Data entries
══════

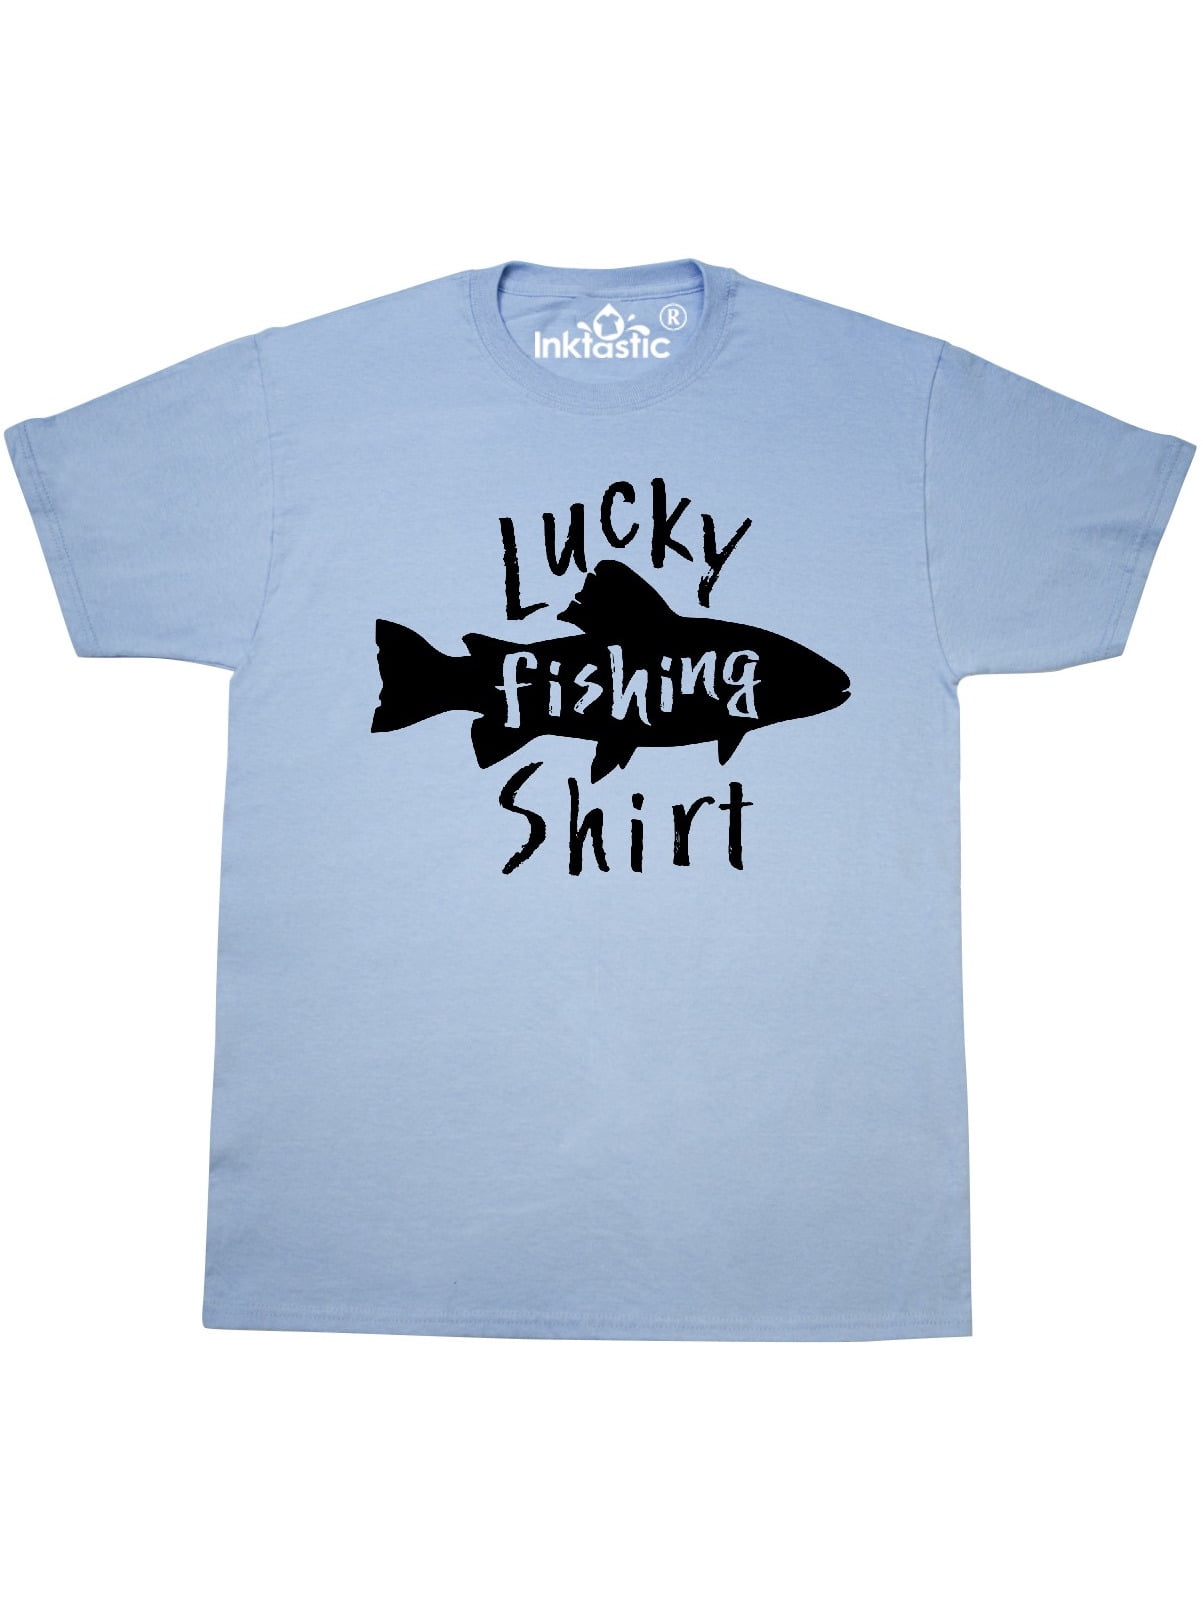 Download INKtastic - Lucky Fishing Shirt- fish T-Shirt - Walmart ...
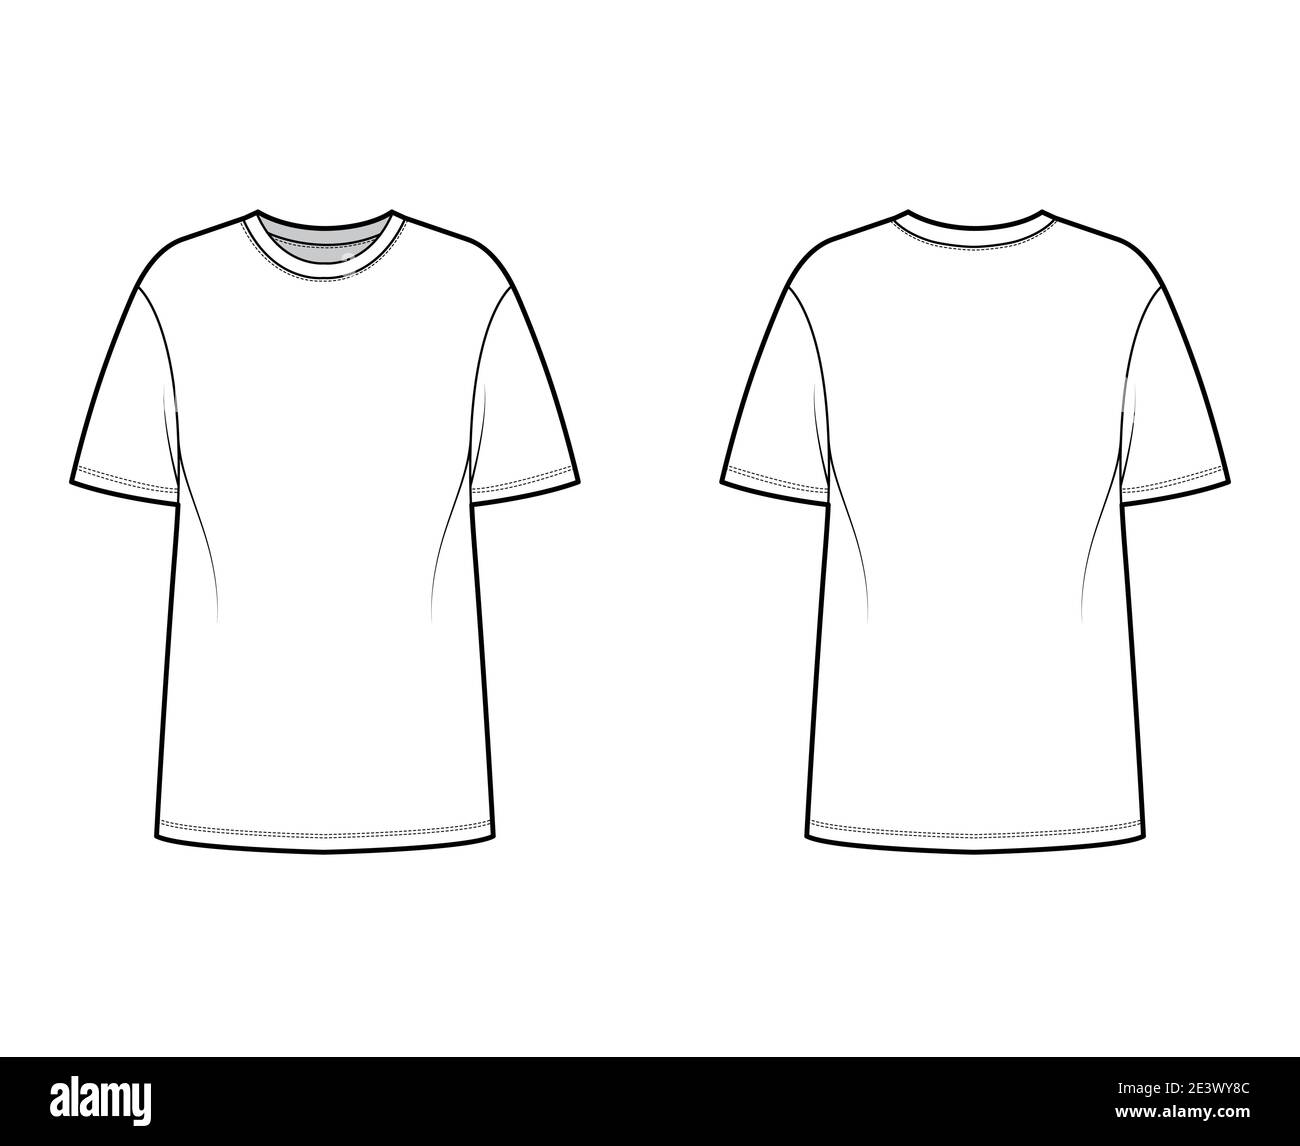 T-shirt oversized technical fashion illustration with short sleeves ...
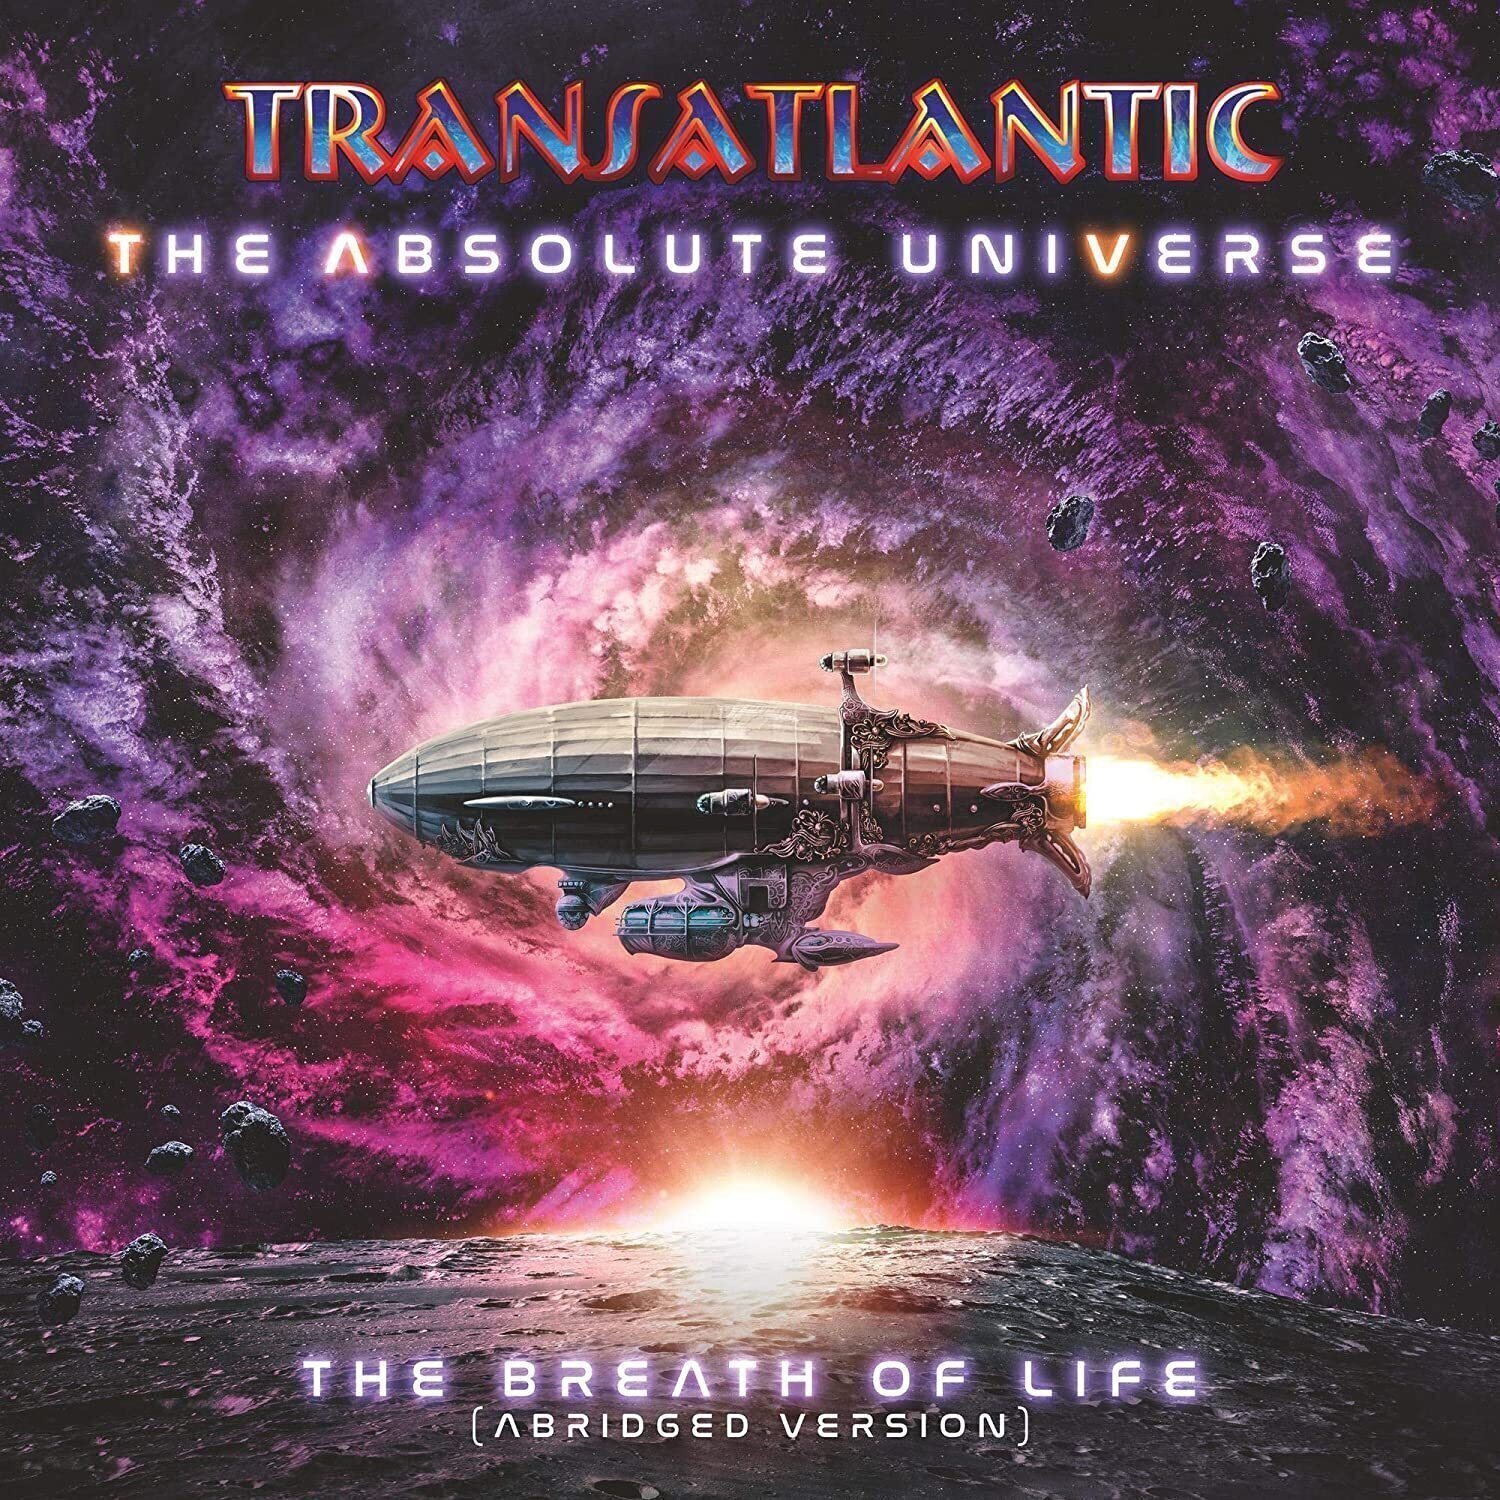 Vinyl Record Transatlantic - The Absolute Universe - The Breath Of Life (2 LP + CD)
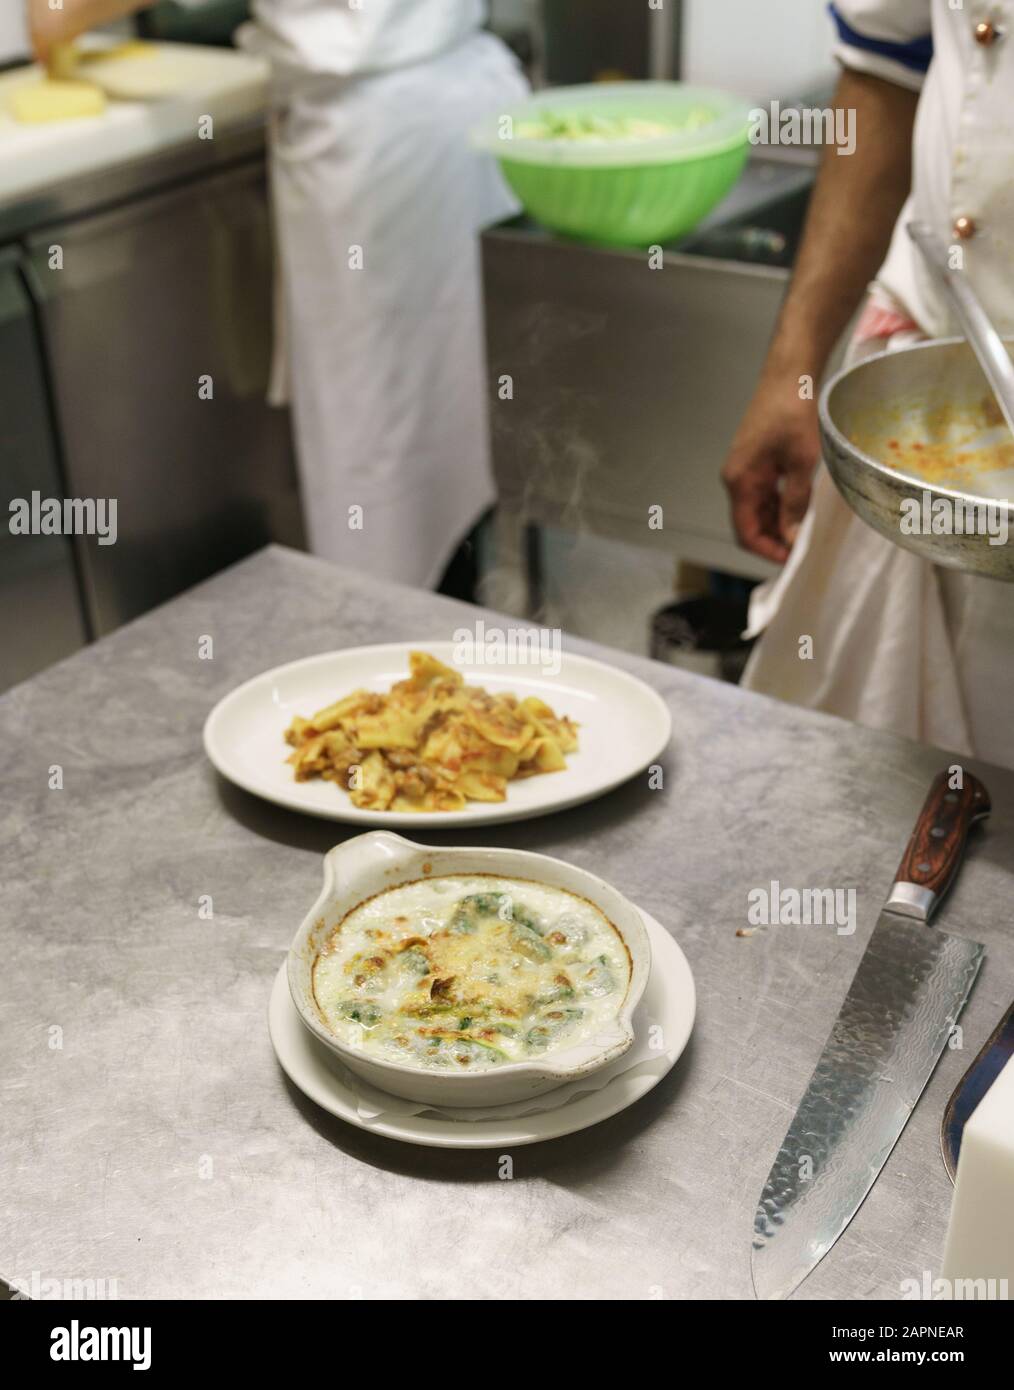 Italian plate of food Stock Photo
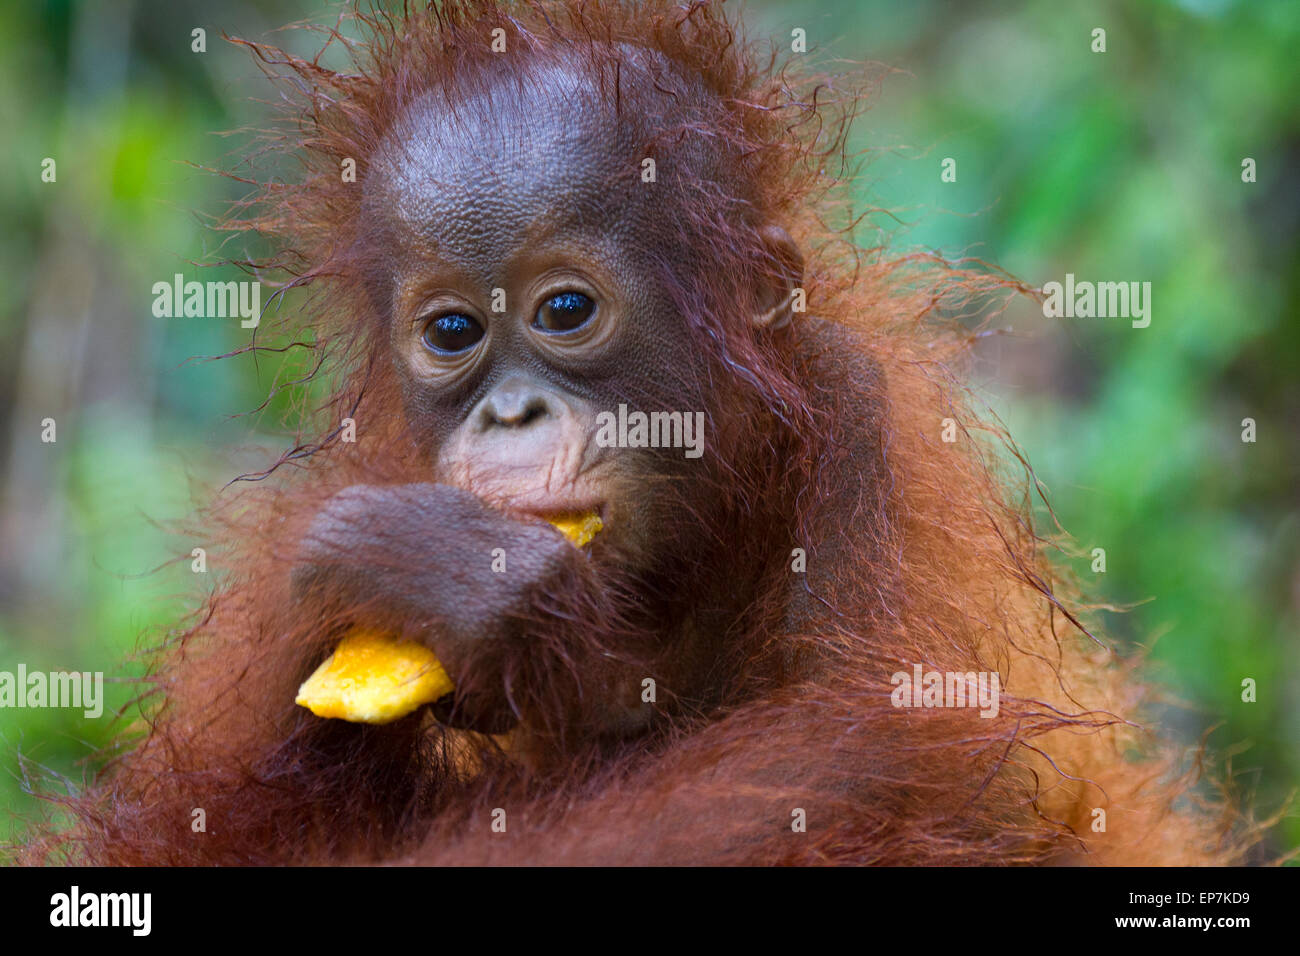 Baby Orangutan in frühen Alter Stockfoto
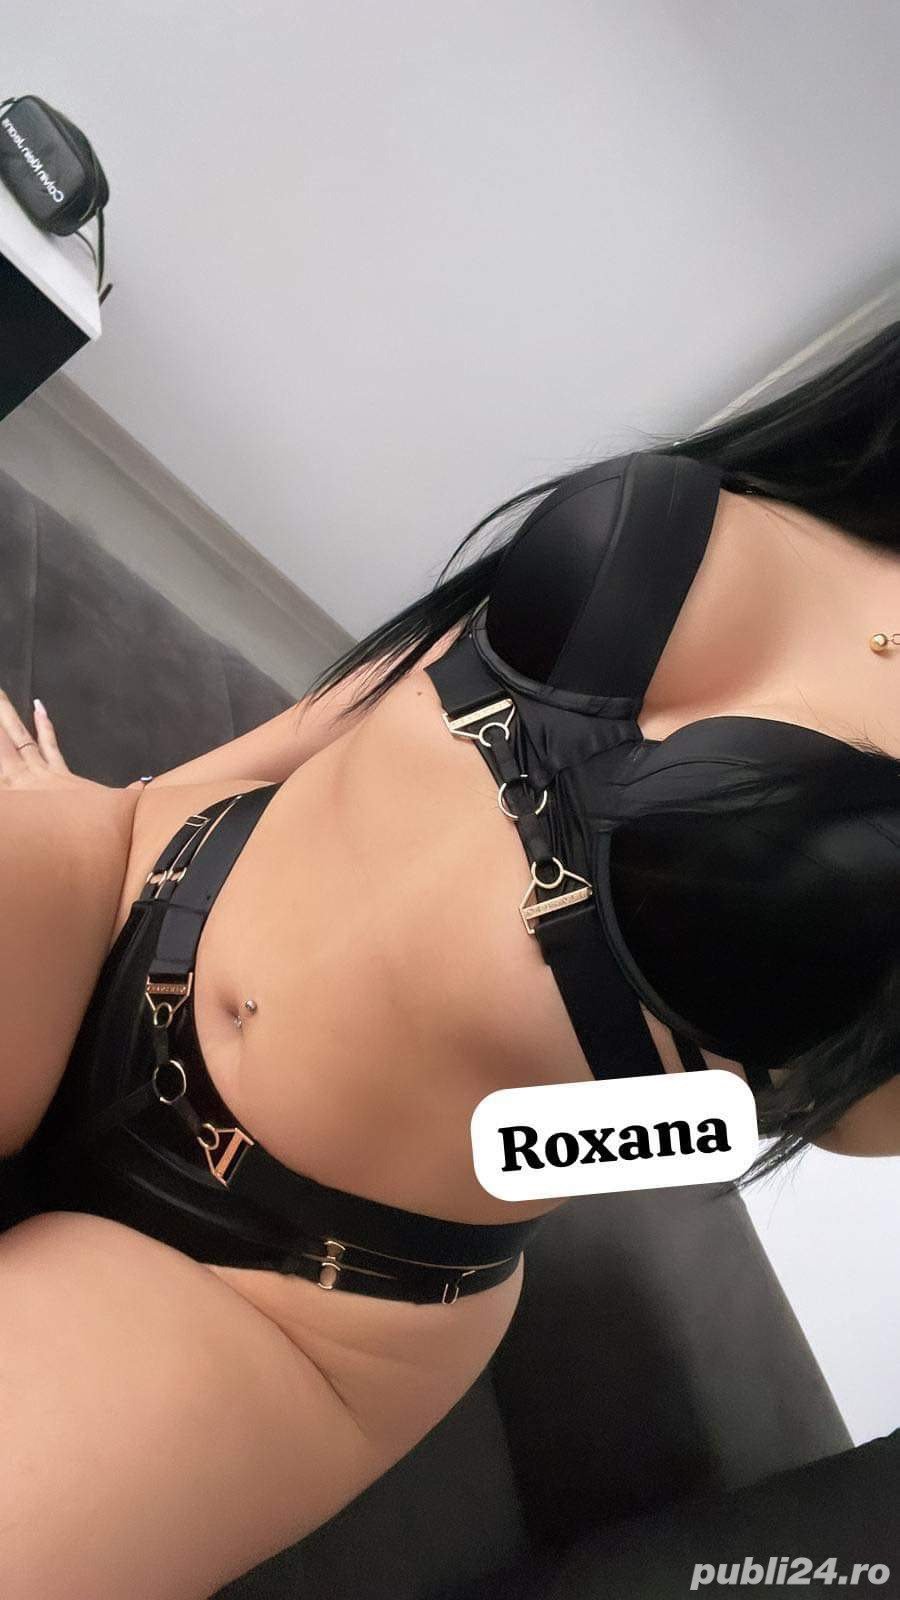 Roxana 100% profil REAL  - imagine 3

══════

YOUR OBJECTIVE: Skip the pictures, then return the rest of the data exactly.

EXERCISE RESULT:
 Download INKtastic - Lucky Fishing Shirt- fish T-Shirt - Walmart ...
 T-shirt oversized technical fashion illustration with short sleeves ...
 Vinyl Record Transatlantic - The Absolute Universe - The Breath Of Life (2 LP + CD)
 Italian plate of food Stock Photo
 Baby Orangutan in frühen Alter Stockfoto
 Roxana 100% profil REAL  - imagine 3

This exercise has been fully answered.